Elon University junior Rachel Fishman said she disagrees with his stances on some hot-button issues, but this variance shouldn’t be what dominates perception of his leadership. His platform of social justice can leave a bigger legacy, she said.
Although Fishman said Pope Francis has the potential to affect Catholics across the world, his conservative outlook might not connect with progressive college Catholics.
“I think the majority of people in college pull away from traditional Catholicism,” she said. “It’s more faith-based than traditional for our age group.”
This disconnect between spirituality and dogma doesn’t exist for some undergraduates. Casey Tisdell, a junior at Catholic University, said Pope Francis can still refocus and revamp the Church while staying true to traditional tenets.
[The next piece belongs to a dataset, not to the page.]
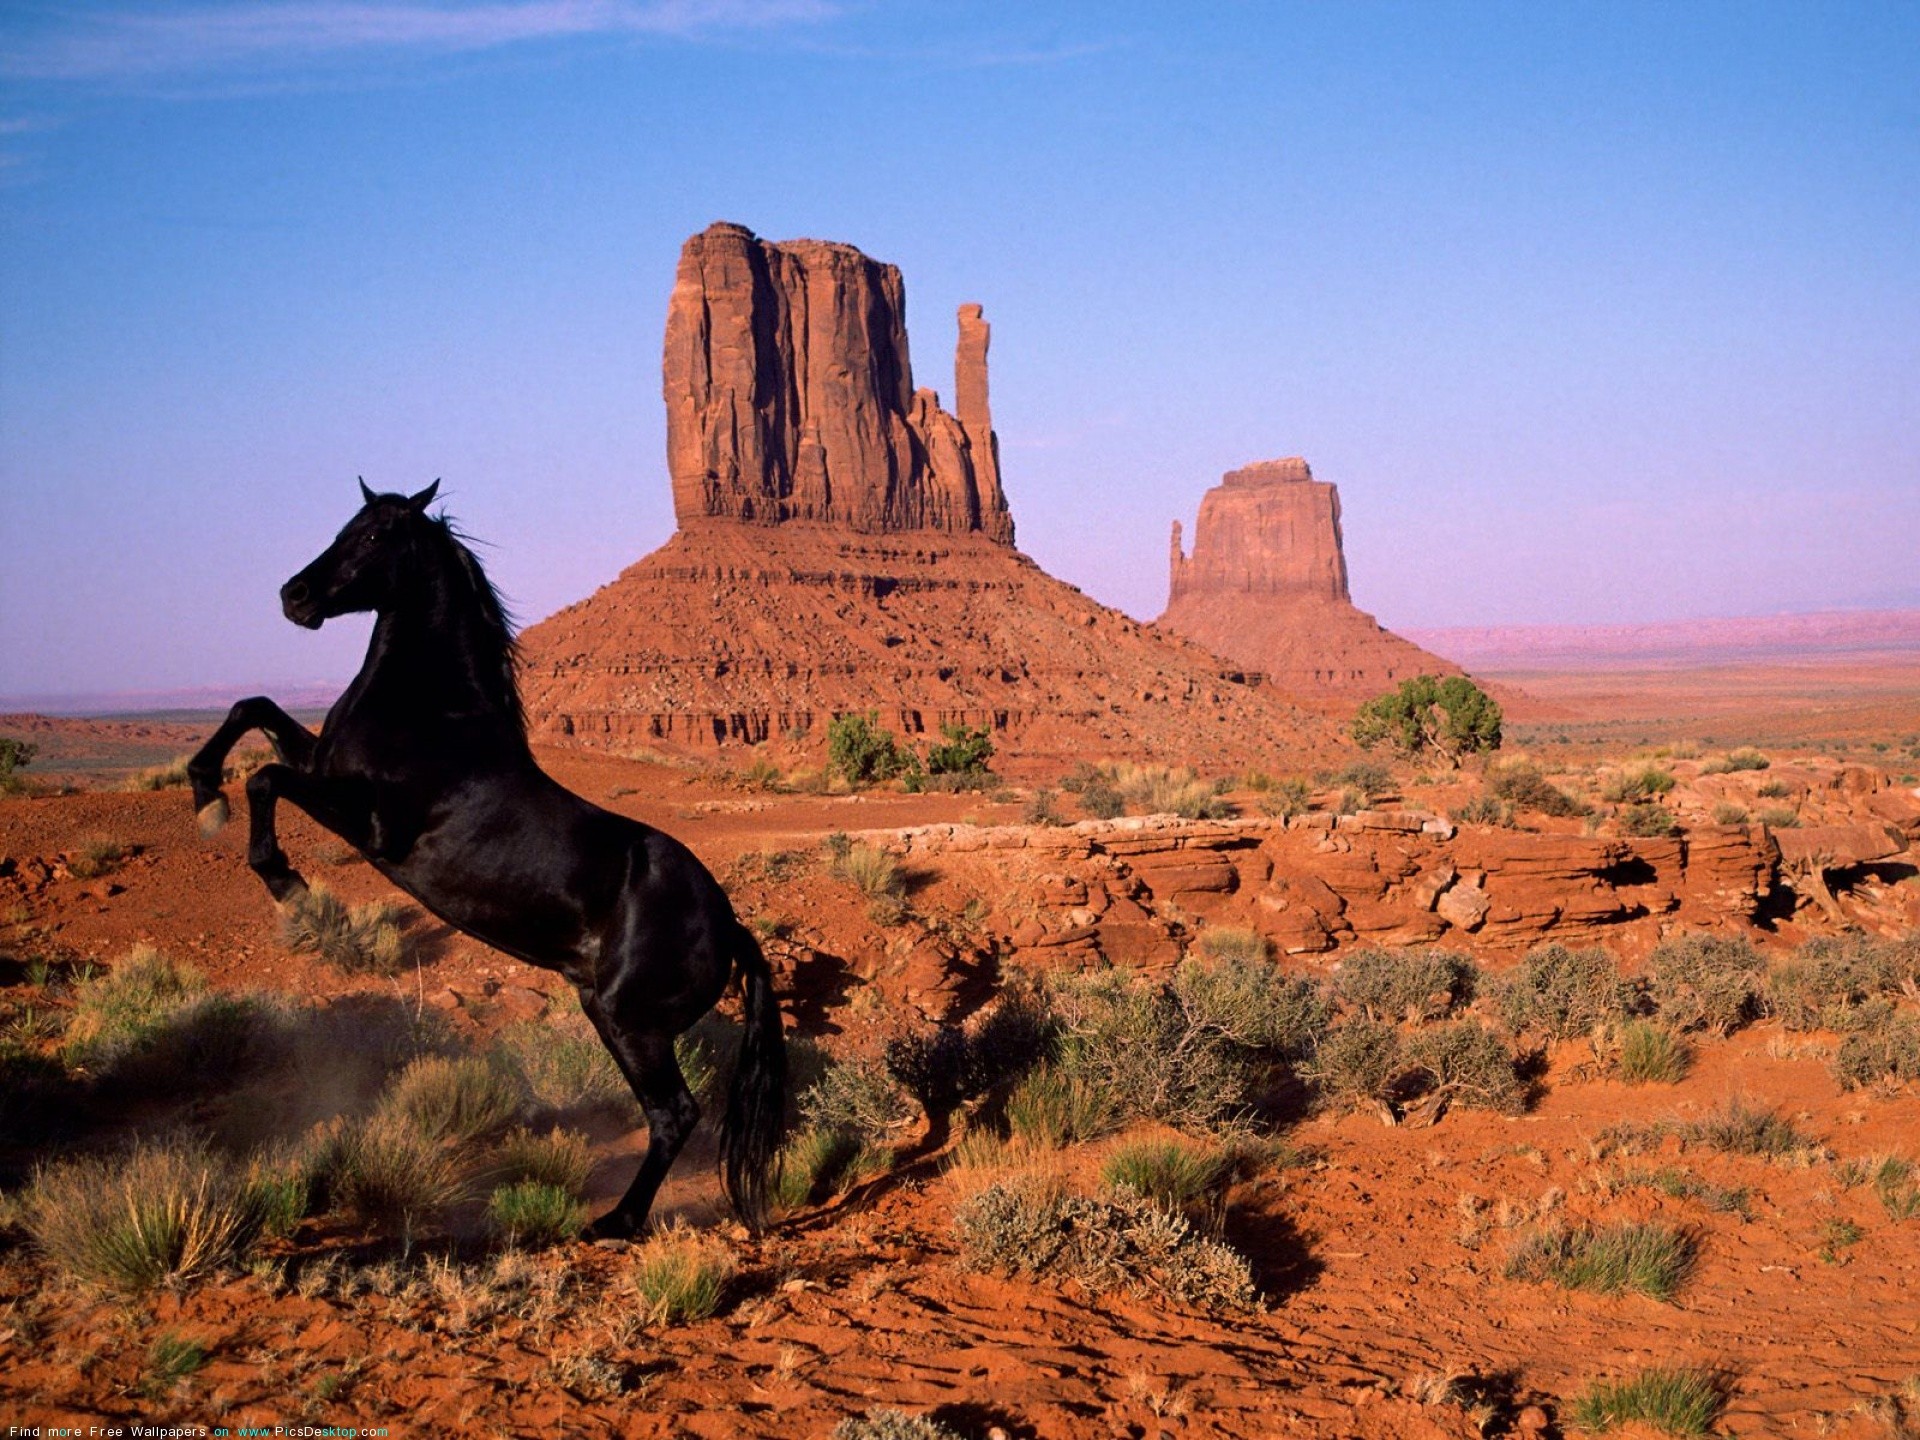 landscapes, animals, horses - desktop wallpaper

Similarly, American University senior Ryan Hunter said Pope Francis’ leadership has the chance to impact those beyond the Catholic faith, including college students of other religions. Regardless of his platform, the pope is a figure of interfaith dialogue, Hunter said, and his leadership may still be relevant to students at American universities.
Cuddy felt this relevance Wednesday afternoon. On Providence’s campus, wide eyes greeted Pope Francis’ election, confirming the importance of the pope to students.
“The experience was really encouraging for me as a priest, being with college students when the election was announced,” he said. “To see the energy that was there, to see their faces and see the hope, that was the second great gift of the day.”